Anne Dunsmore, campaign manager for the pro-recall organization Rescue California, said Newsom and the state’s Democratic legislative leaders, although their progressive criminal justice policies, “misled the public in him making believe that their so-called reforms will make us safer “.

Newsom on Wednesday met with the mayors and police chiefs of California’s 13 largest cities, including Los Angeles Mayor Eric Garcetti, to discuss crime trends in California. Newsom noted that gun violence has increased nationwide, saying no state has been spared and Americans have every right to expect their elected leaders to address the issue.

Much of the press conference focused on the eruption of shoplifting, made public across the country by viral videos of thieves brazenly stealing goods from stores in San Francisco. Just last week in Glassell Park, Rite Aid employee Miguel Penaloza, 36, was shot and killed when he confronted two people suspected of shoplifting in the store.

In May, a Walgreens representative told the San Francisco board of directors that the company had closed 17 stores in the city over the past five years, in part because of financial losses from shoplifting. Earlier this month, hours at five Target stores in San Francisco were cut in an attempt to reduce theft.

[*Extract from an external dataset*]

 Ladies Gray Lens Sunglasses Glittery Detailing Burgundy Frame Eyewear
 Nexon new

Newsom on Wednesday signed legislation to re-establish a California Highway Patrol-coordinated law enforcement unit that focuses on tackling organized shoplifting rings in California, which police officials say , are responsible for a significant portion of thefts. The unit was established in 2018 and will continue to operate until 2026.

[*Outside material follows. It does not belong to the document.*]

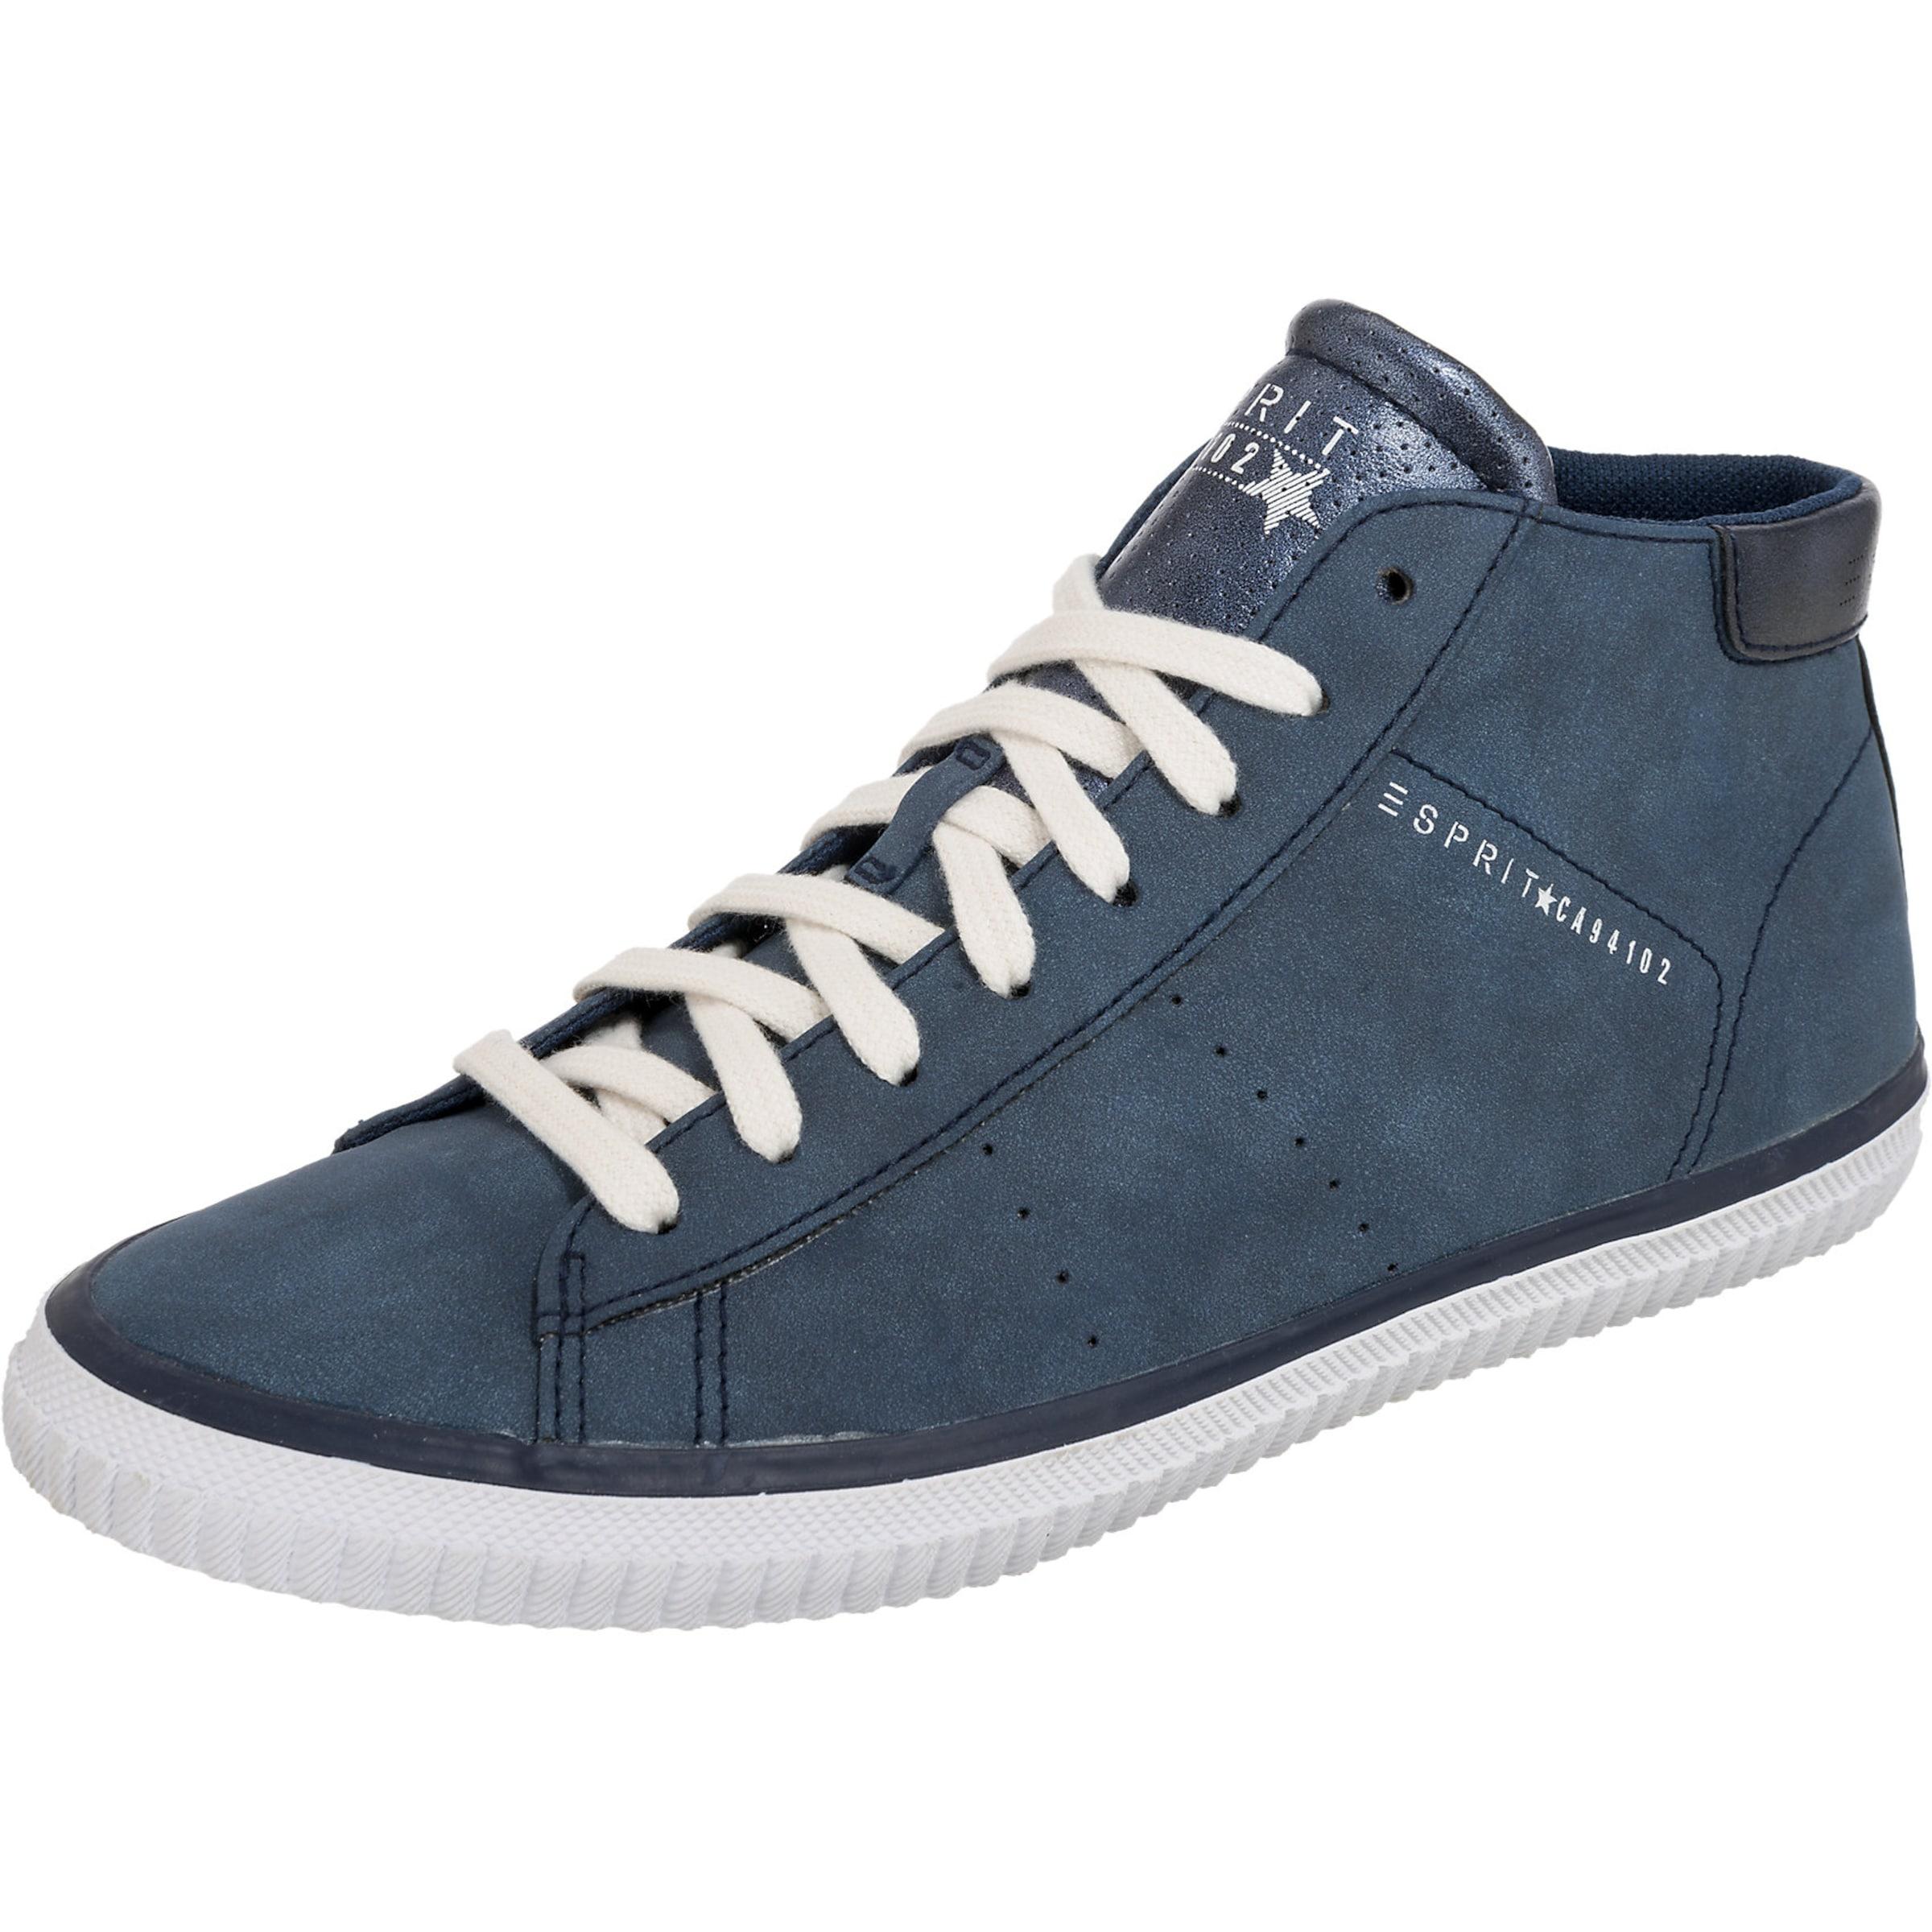 ESPRIT Riata Bootie Sneakers High Hohe Qualität

“It’s a challenge, I’ll be honest with you, but it’s not insurmountable,” San Francisco Police Chief Bill Scott said at the governor’s press conference.

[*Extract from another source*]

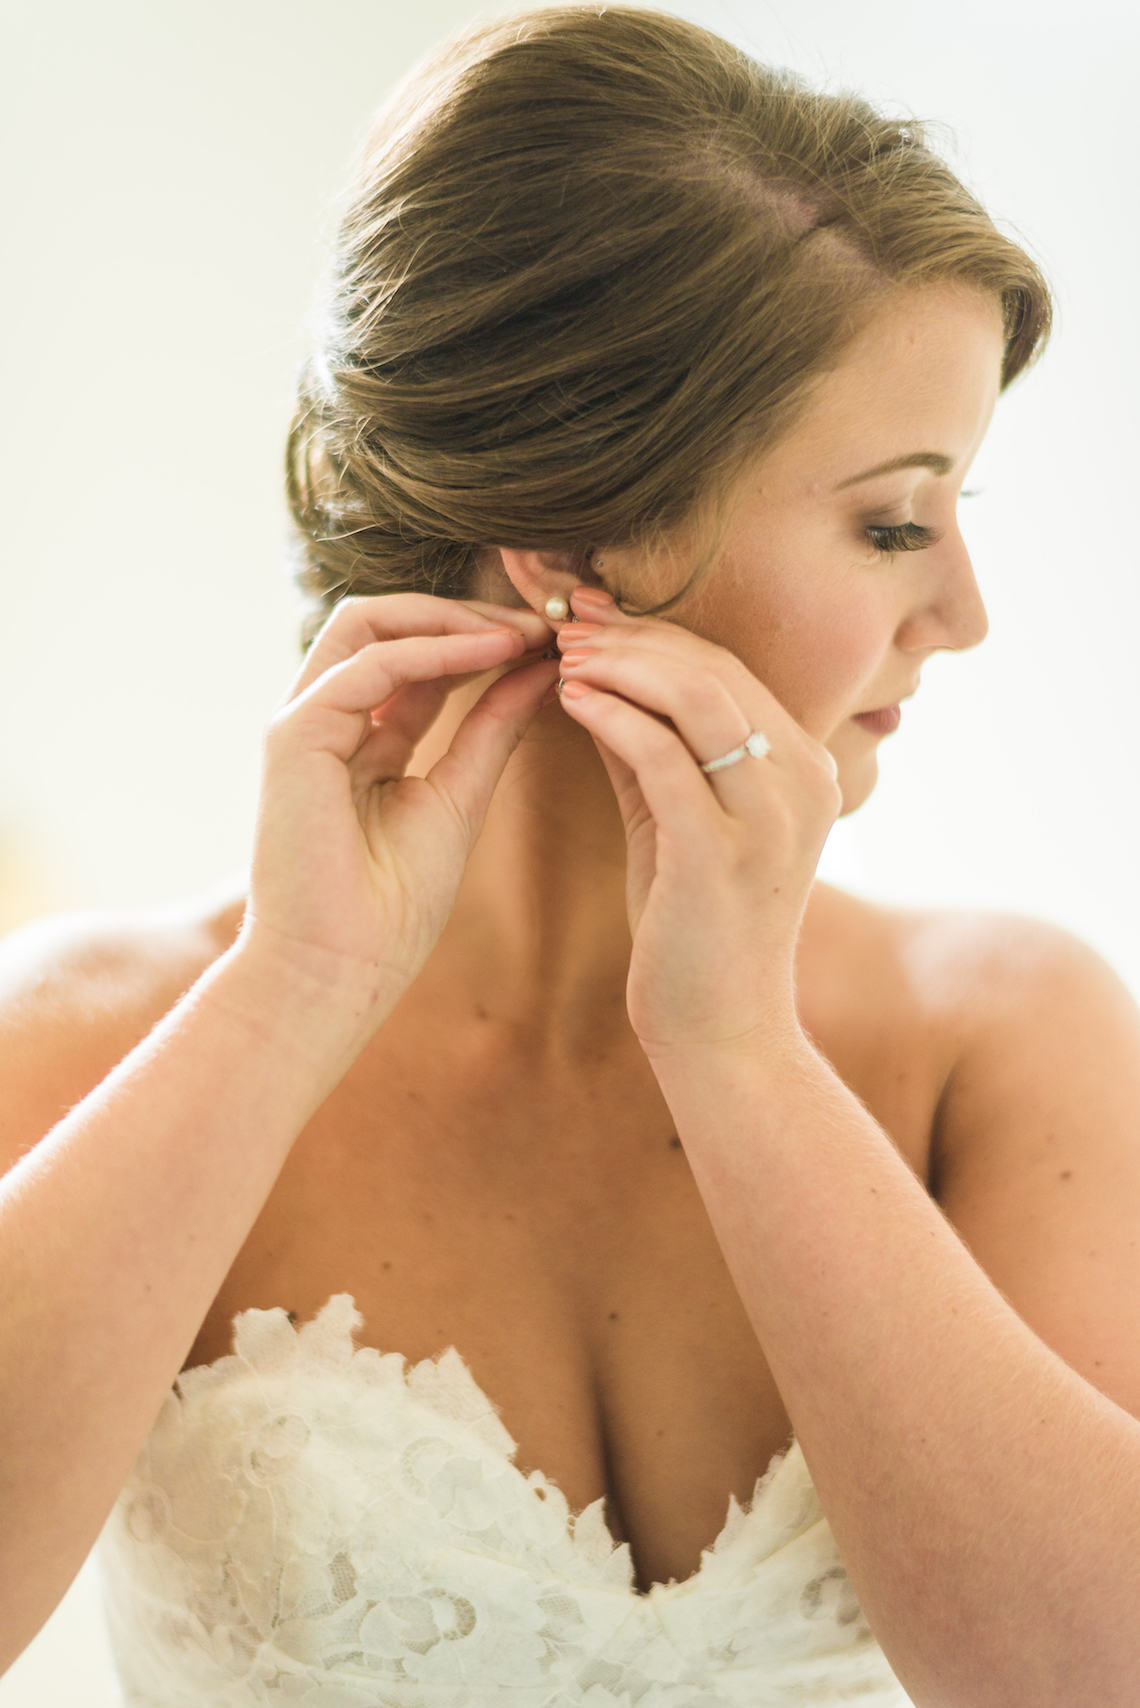 Lace Wedding Dress - A Philander Chase Knox Estate Pennsylvania Wedding

Scott praised the maintenance of the special law enforcement unit, saying he hopes it thwarts the message that “anything goes” in San Francisco.

But the Sacramento County Dist. Atty. Anne Marie Schubert, a candidate for the post of state attorney general, said she doubted the CHP unit would have any effect.

“The constant weakening of accountability is destroying our communities and our businesses,” Schubert said Wednesday in a Twitter post. “Ask the real prosecutors. The retail organized theft law completely ignores the realities of what happens every day in California. “

Gun deaths and homicides rose sharply in California’s largest counties in 2020, though these rates are still far below the level of violence the state experienced in the 1980s and 1990s, according to an analysis crime data from the Public Policy Institute of California.

This is one of the reasons why crime may be a political vulnerability for Newsom in the September 14 recall election. A UC Berkeley Institute of Governmental Studies poll in May found that 42% of those polled believed Newsom was doing a poor job of tackling crime in the state, up from 35% in September.

For years, Newsom has been at the forefront of the movement to move the California criminal justice system away from the repressive policies of the past and to expand educational opportunities and mental health care programs that reduce recidivism and help people stay out of prison. .

Newsom supported Proposition 47, which voters approved in 2014 while he was lieutenant governor, aimed at turning certain drug and property crimes from felonies into misdemeanors. He was also a leading advocate for Proposition 64, approved in 2016 to legalize the use of marijuana for Californians aged 21 and over.

Along with the moratorium on the death penalty, Newsom has kept its promise to close two of California’s 35 state prisons as the state’s prison population continues to decline. After the ex-State Atty. General Xavier Becerra accepted a post in the Biden administration, Newsom’s candidate to replace him was then MP Rob Bonta, a strong advocate for the abolition of the death penalty and the elimination of the cash bond for many offenses. Bonta took office after being confirmed by the Democratic-led California legislature.